Based on system designs, computing power, and the restrictions of the game engine, physics programmers write the code that governs the natural laws of a video game. The physics engine is intended to simulate effects like gravity in the virtual environment, but this is only an approximation of what we experience in the real world. A number of physics elements must be worked into the virtual world, depending on the style and demands of the game. The programmer is tasked with implementing code for collision detection, the effect produced in games when two objects interact—for instance, two cars locking bumpers, or a character’s ability to pick up a weapon. In addition, the physics programmer writes code for particle systems that control explosions, moving water, smoke, and snow. Our brains have an expectation of what an oil drum should look like when it bursts into flame, and it is the job of the programmer to mimic the real-life result as closely as possible—or at least what Hollywood has conditioned us to think of as real life.

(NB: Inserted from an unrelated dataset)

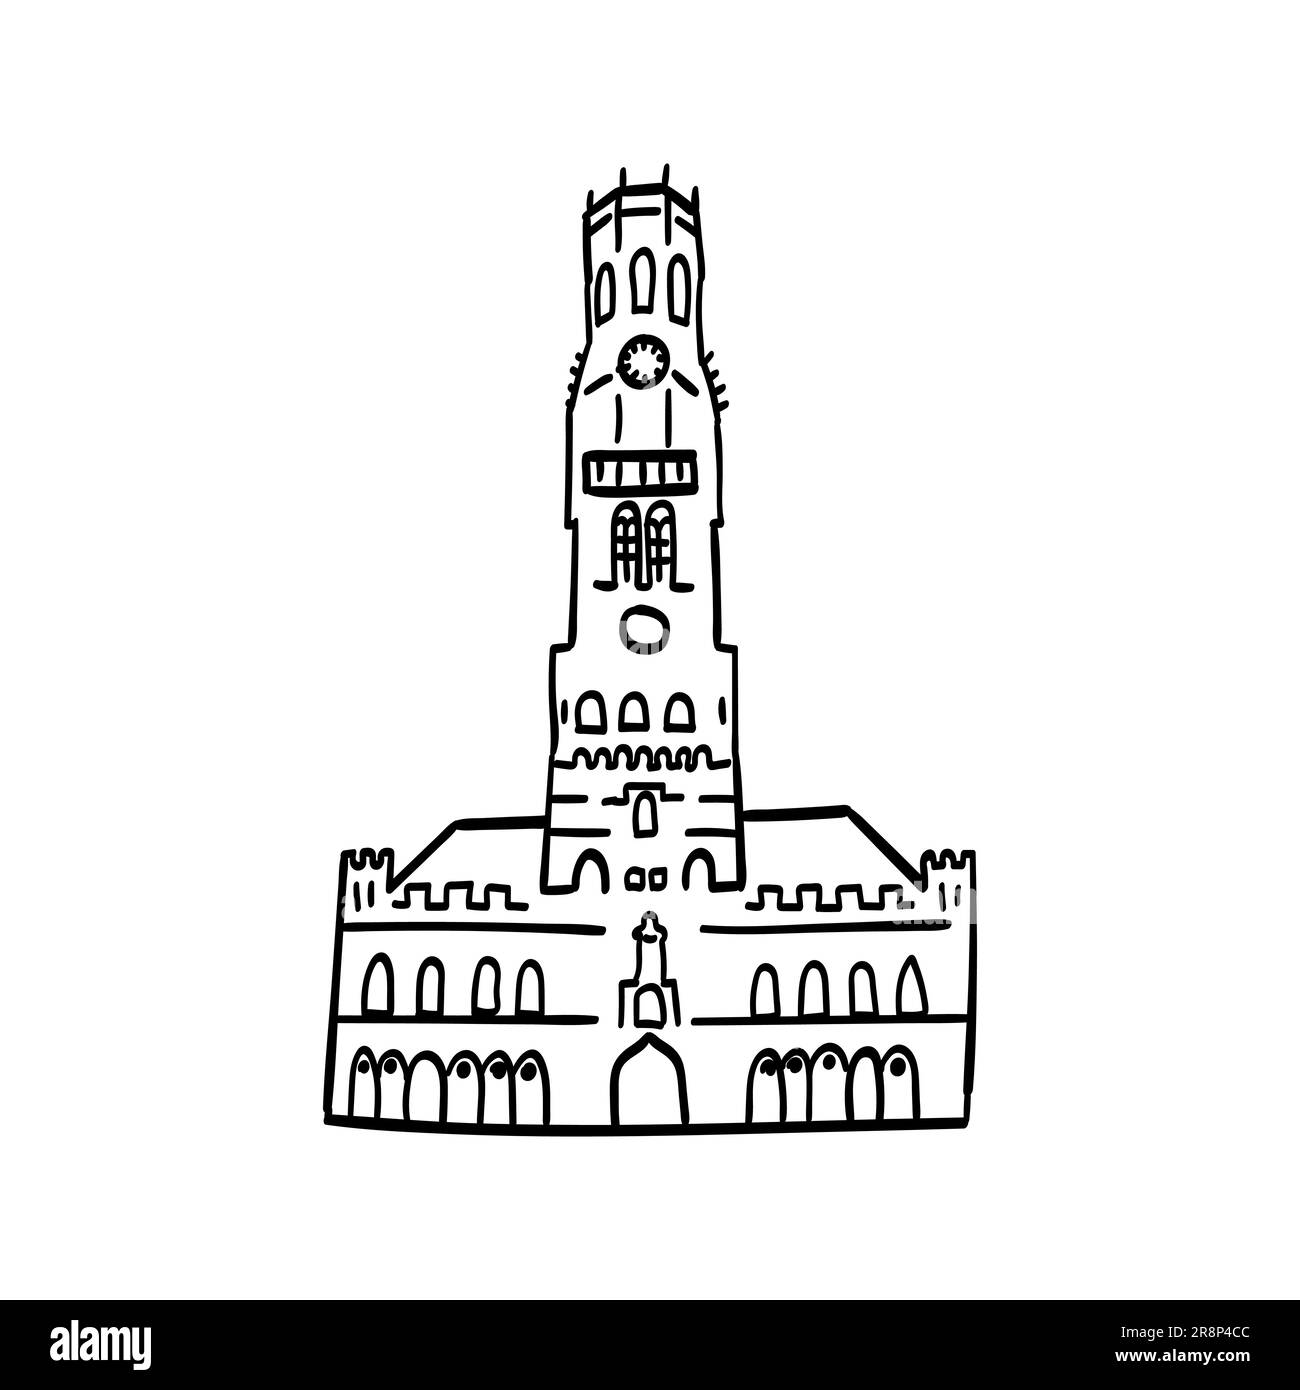 Dessin à la main de l'icône de contour de doodle de bâtiment européen avec montre. Sites touristiques des villes d'europe. dessins simples de façades Illustration de Vecteur

Another important concern of the physics programmer in games featuring human characters or living creatures is “ragdoll physics,” the treatment of a body when struck or killed. As the name suggests, this animation and simulation technique is programmed to treat a body like a rag doll as it hits the ground, giving the subject a set of bones and joints that react to multiple impacts. Games with higher processing power and fewer restrictions on the engine allow the programmer to include more advanced models of movement, collision detection, and particle systems, thus creating more visually sophisticated and realistic simulations of liquids, solids, and kinematic elements. Whatever the technological capacity of the engine, it is the core responsibility of the physics programmer to produce code that enhances the player’s experience and strengthens the authenticity of the game’s action.

Skills & Education

A college degree in computer programming, game development, or advanced mathematics is a requirement for a job as a physics programmer. A firm knowledge of linear algebra, trigonometry, and quaternion math is necessary. Courses in physics and anatomy are also valuable and expected in this career field. You should be proficient in C/C++, Assembly, and SIMD programming, and be comfortable quickly adapting your skills to a new scripting language and proprietary systems. Studios are typically less concerned with which engines or languages you know, but prefer a candidate that demonstrates a high level of skill and flexibility. Experience programming on current-generation consoles is a necessity.

What to Expect

Work as a physics programmer is highly technical, but still creative. In addition to writing code, you are expected to continually look for ways to improve upon existing systems and develop innovative methods to make the most use of limited space and power. No game developer ever wants to compromise quality for speed, so it is your challenge to find methods that meet the goals for both expectations. Major studios that turn out AAA titles require physics programmers to have at least three years of programming experience on multiple shipped titles. Work history in game quality assurance or as a junior software engineer performing low-level optimizations or stability fixes is excellent preparation for this role.